*Data provided*:
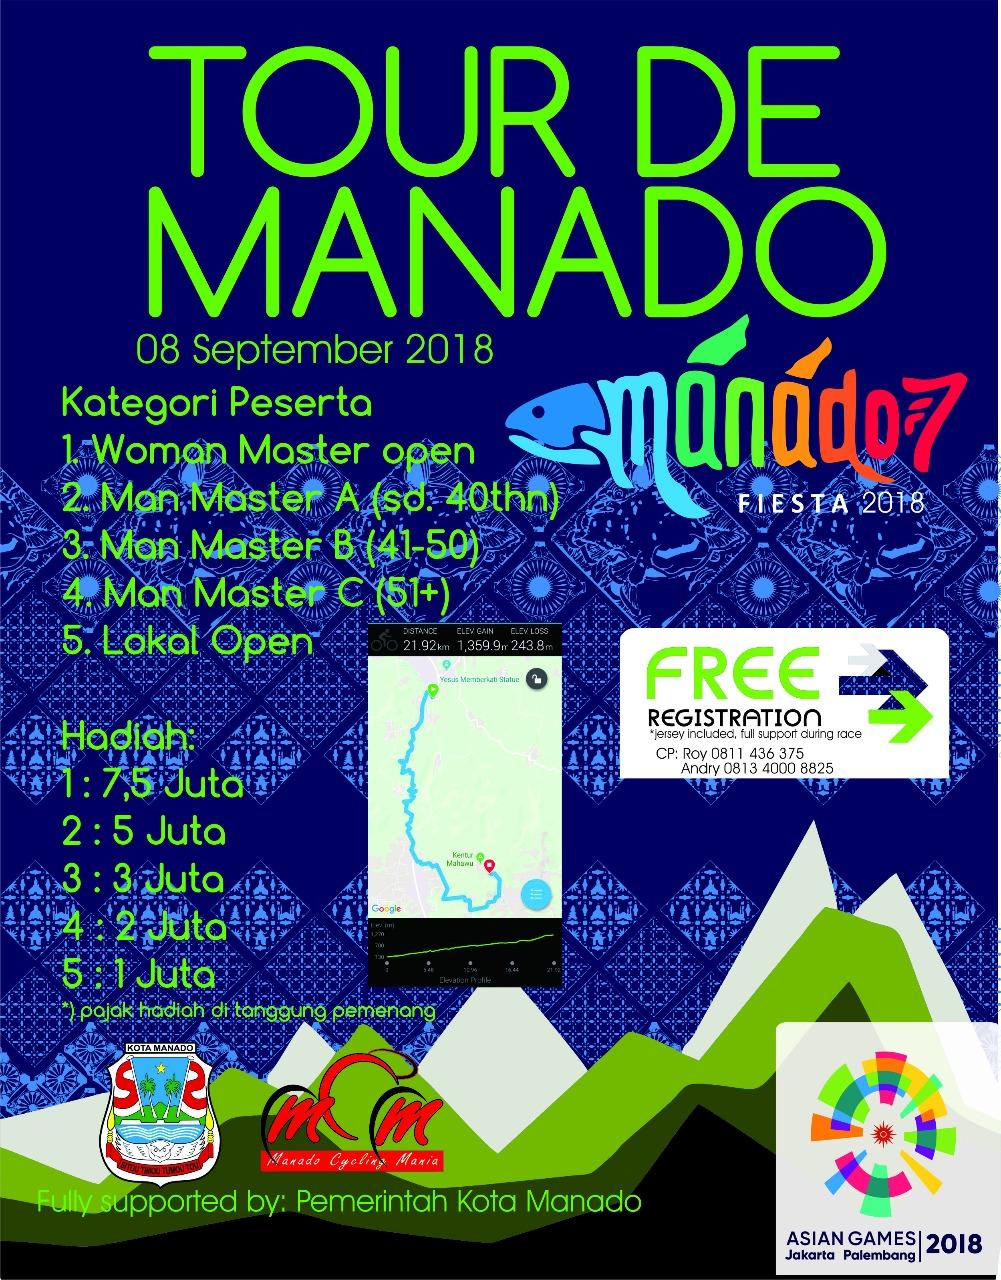 Daftar Peserta Sementara Tour de Manado 2018
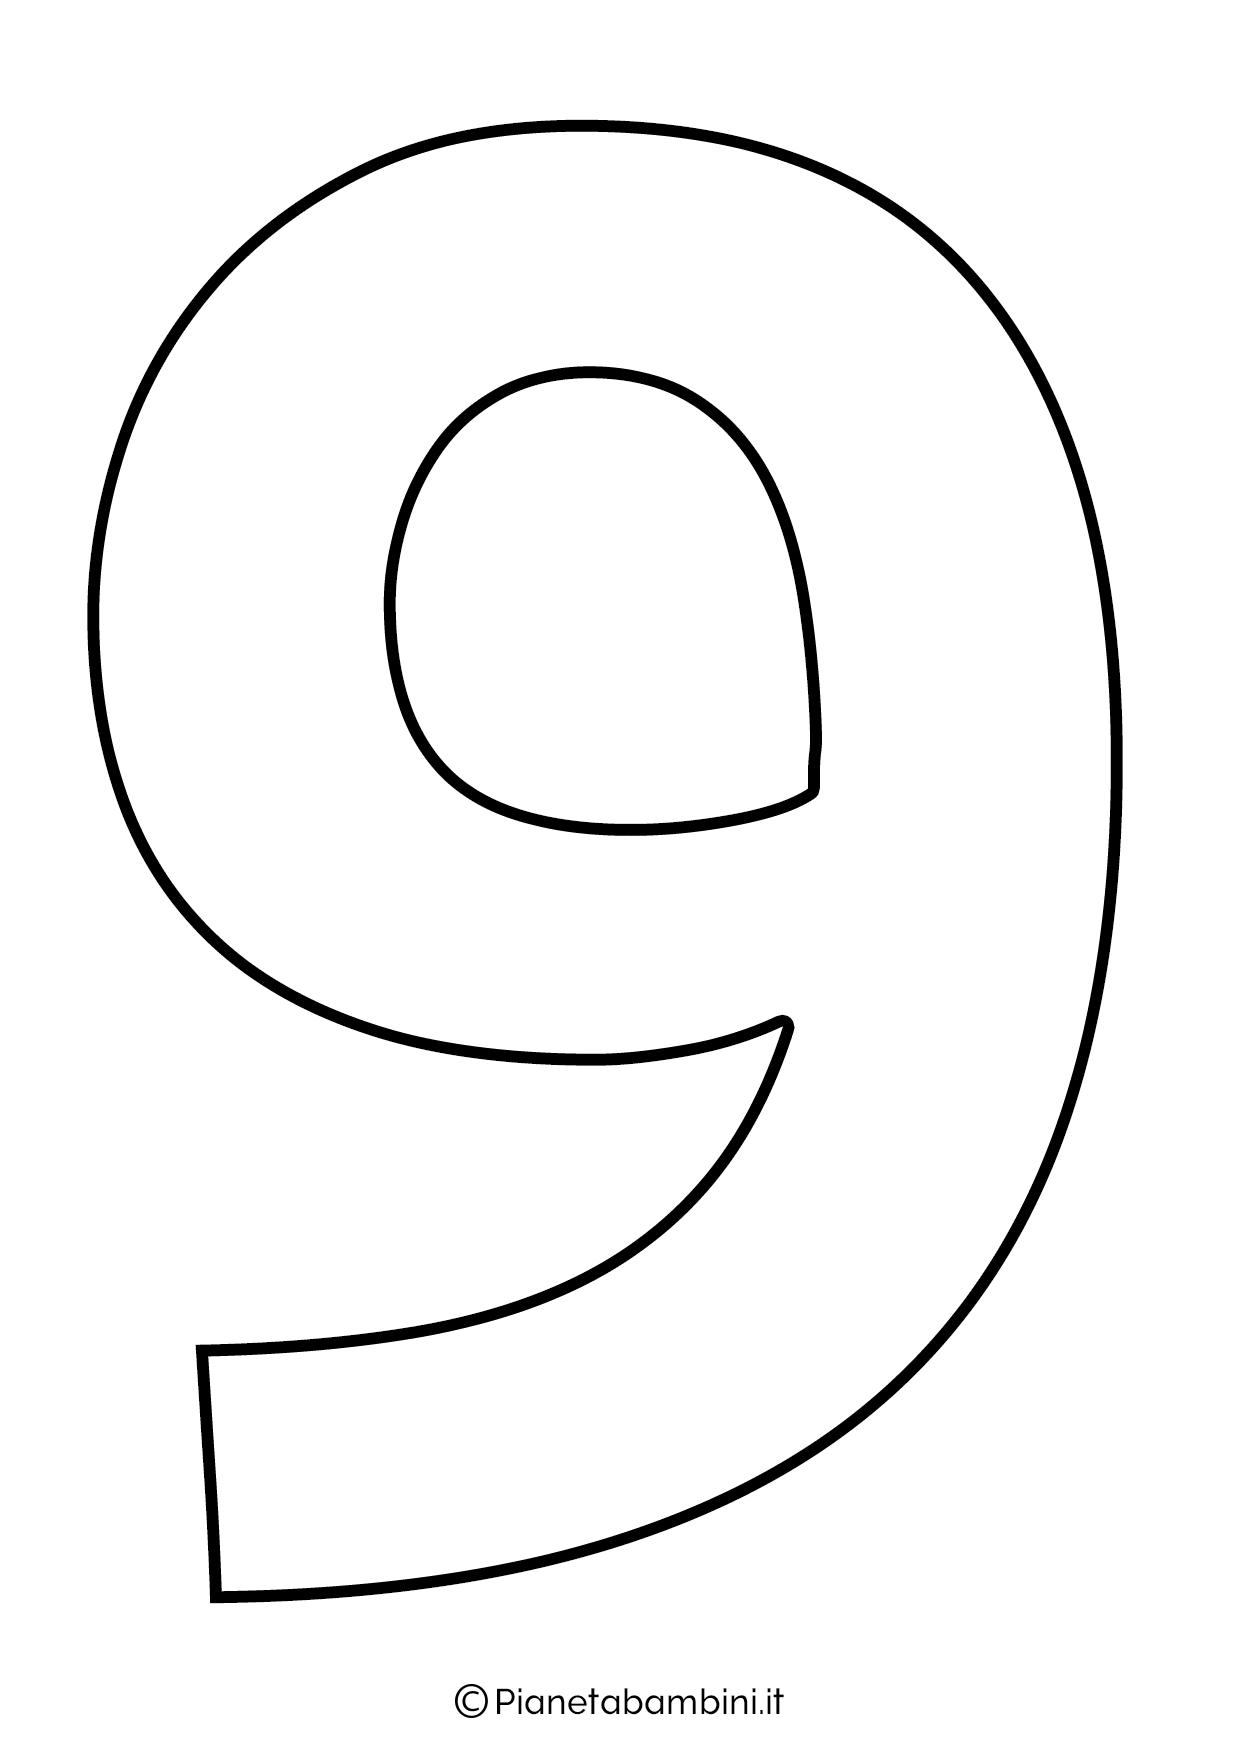 Numero 9 da stampare
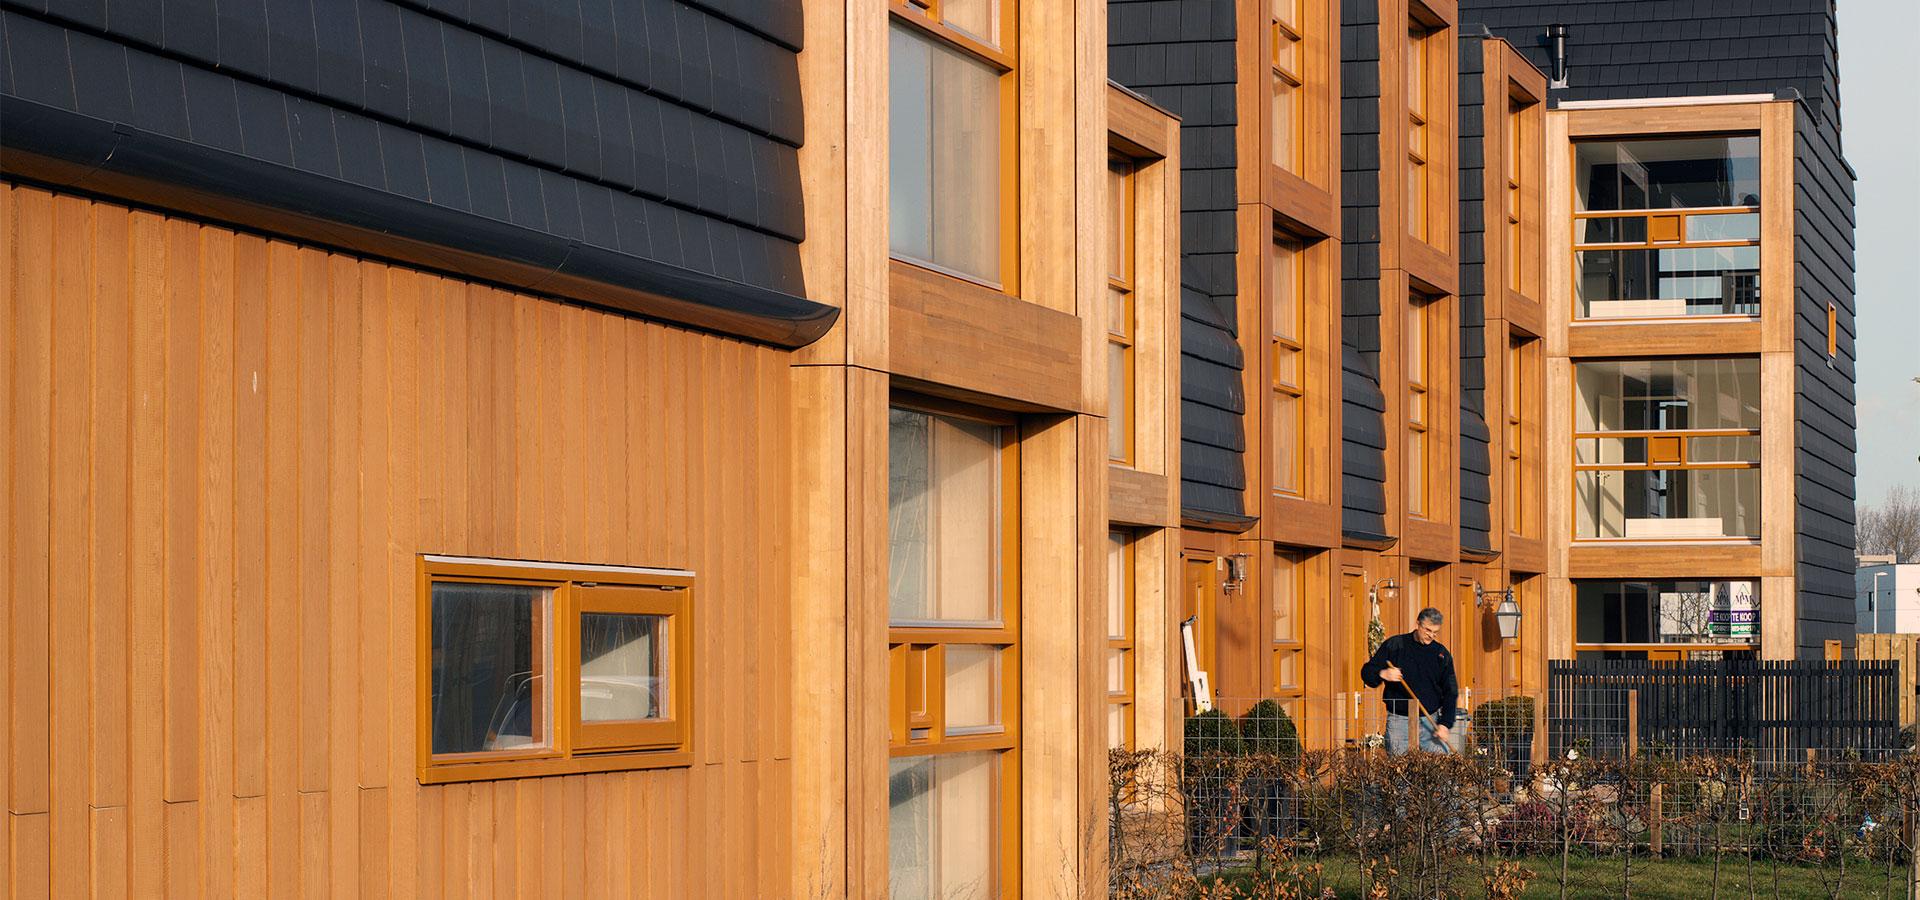 FARO architecten modern dorps Vijfhuizen 02

*Requirement*: Reproduce the material word for word, but without its images.

*Exercise result*:
 Daftar Peserta Sementara Tour de Manado 2018
 Numero 9 da stampare
 FARO architecten modern dorps Vijfhuizen 02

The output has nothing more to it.